§ **DATASET EXCERPT**:
▼▼▼

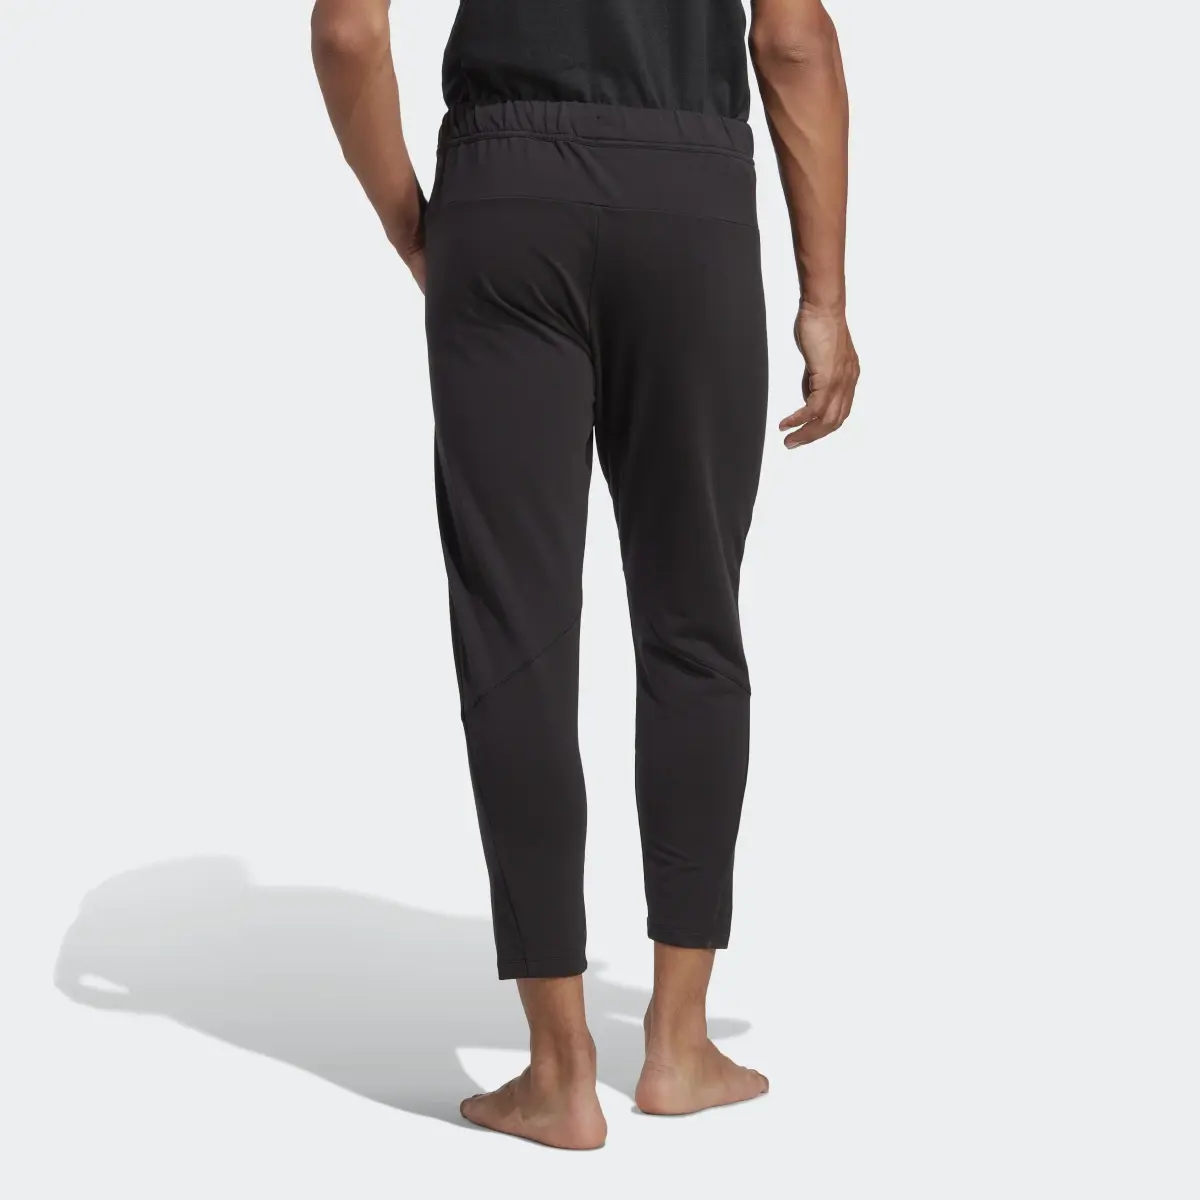 Adidas Designed for Training Yoga 7/8 Training Pants. 2
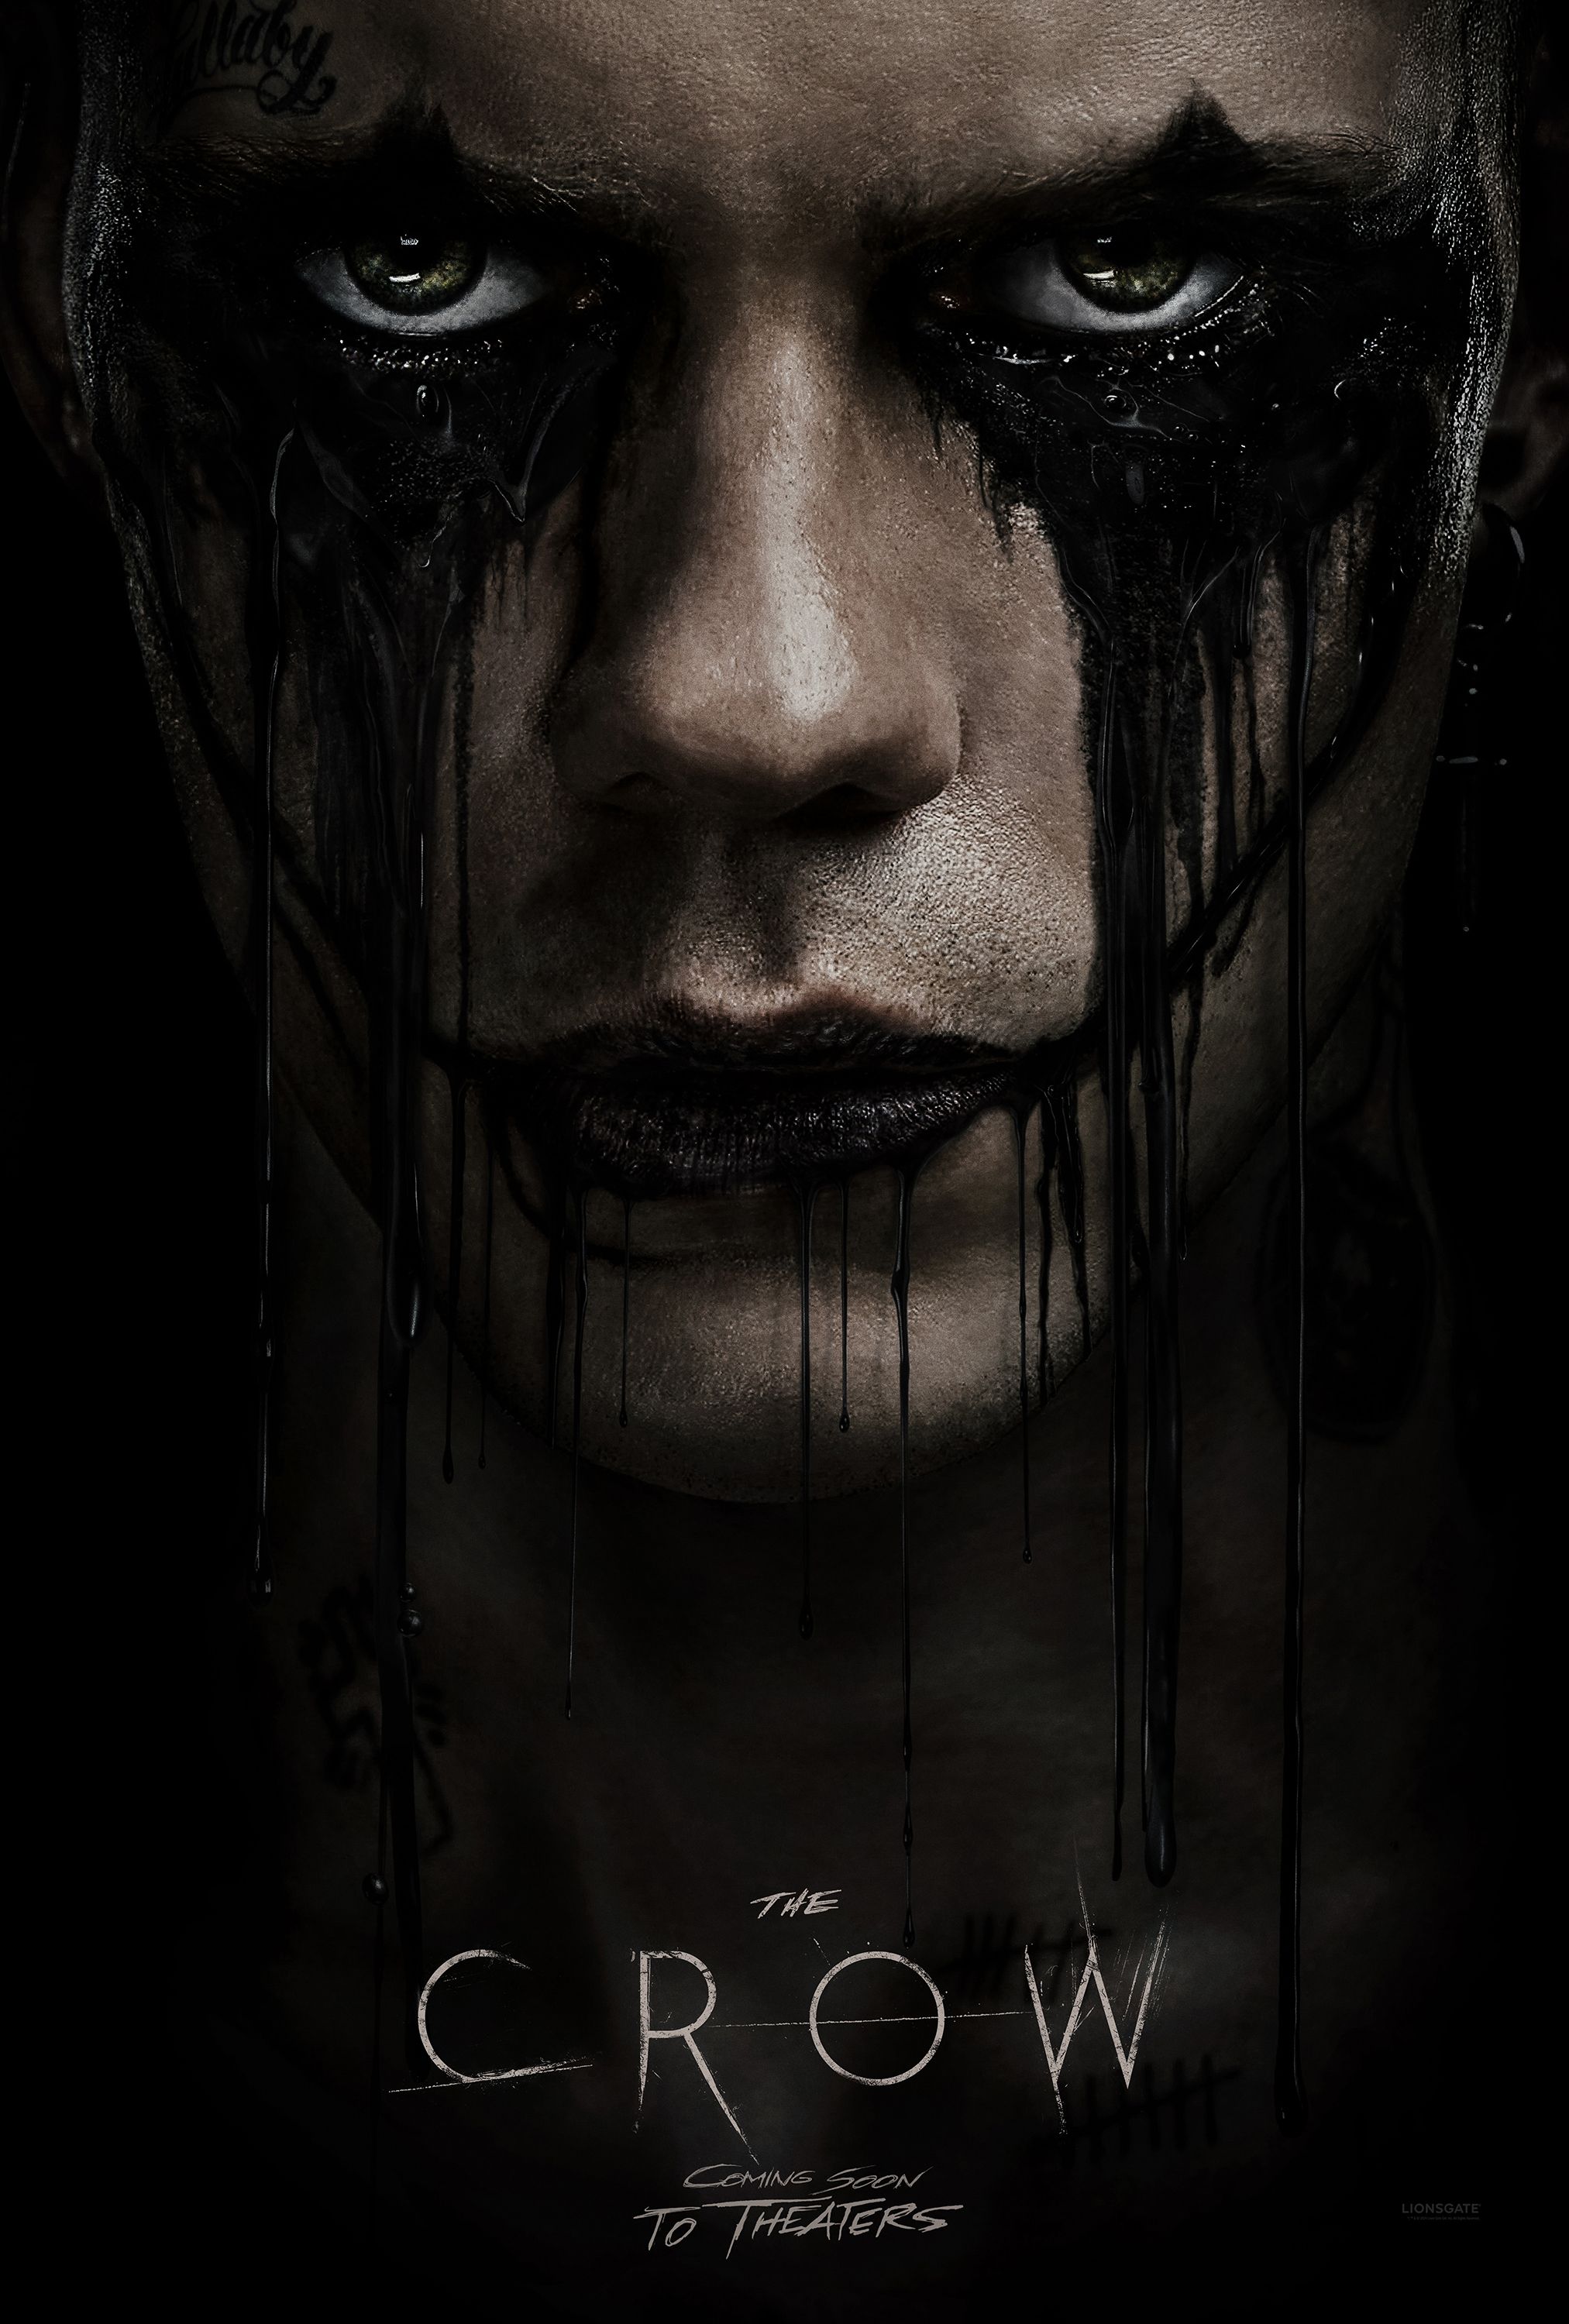 Póster de la película The Crow Reboot que muestra a Bill Skarsgård como Eric Draven con pintura negra goteando por su rostro.
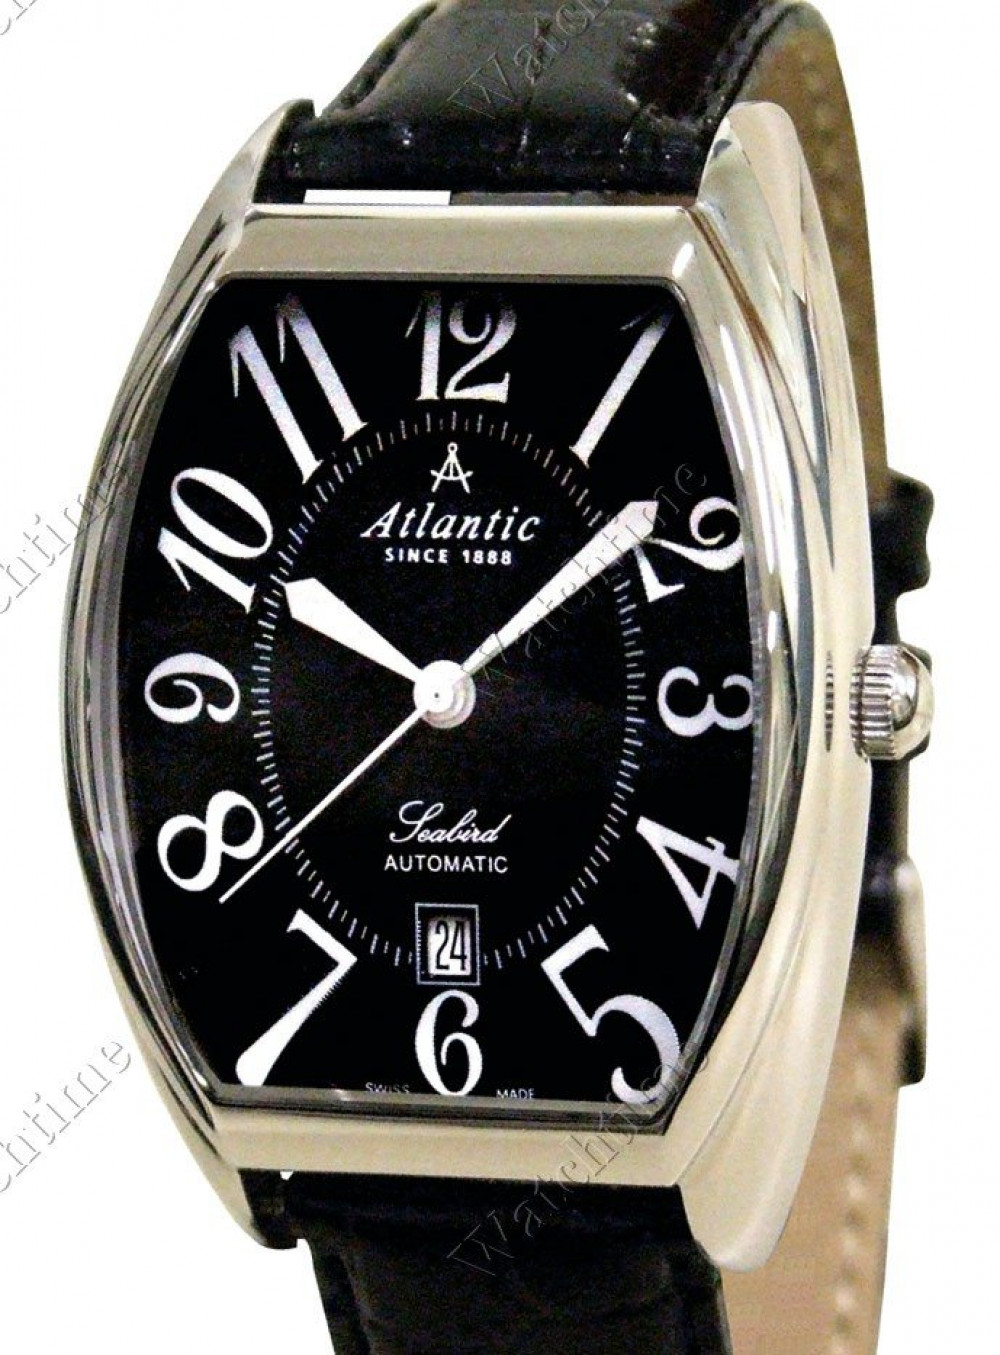 Zegarek firmy Atlantic, model Seabird -  Long Tonneau

▲▲▲

§ **ABOUT THIS EXERCISE**:
Top to bottom, retype the listing exactly but drop every picture.

§ **ANSWER TO THIS TASK**:
 Adidas Designed for Training Yoga 7/8 Training Pants. 2
 Póster de la película The Crow Reboot que muestra a Bill Skarsgård como Eric Draven con pintura negra goteando por su rostro.
 Zegarek firmy Atlantic, model Seabird -  Long Tonneau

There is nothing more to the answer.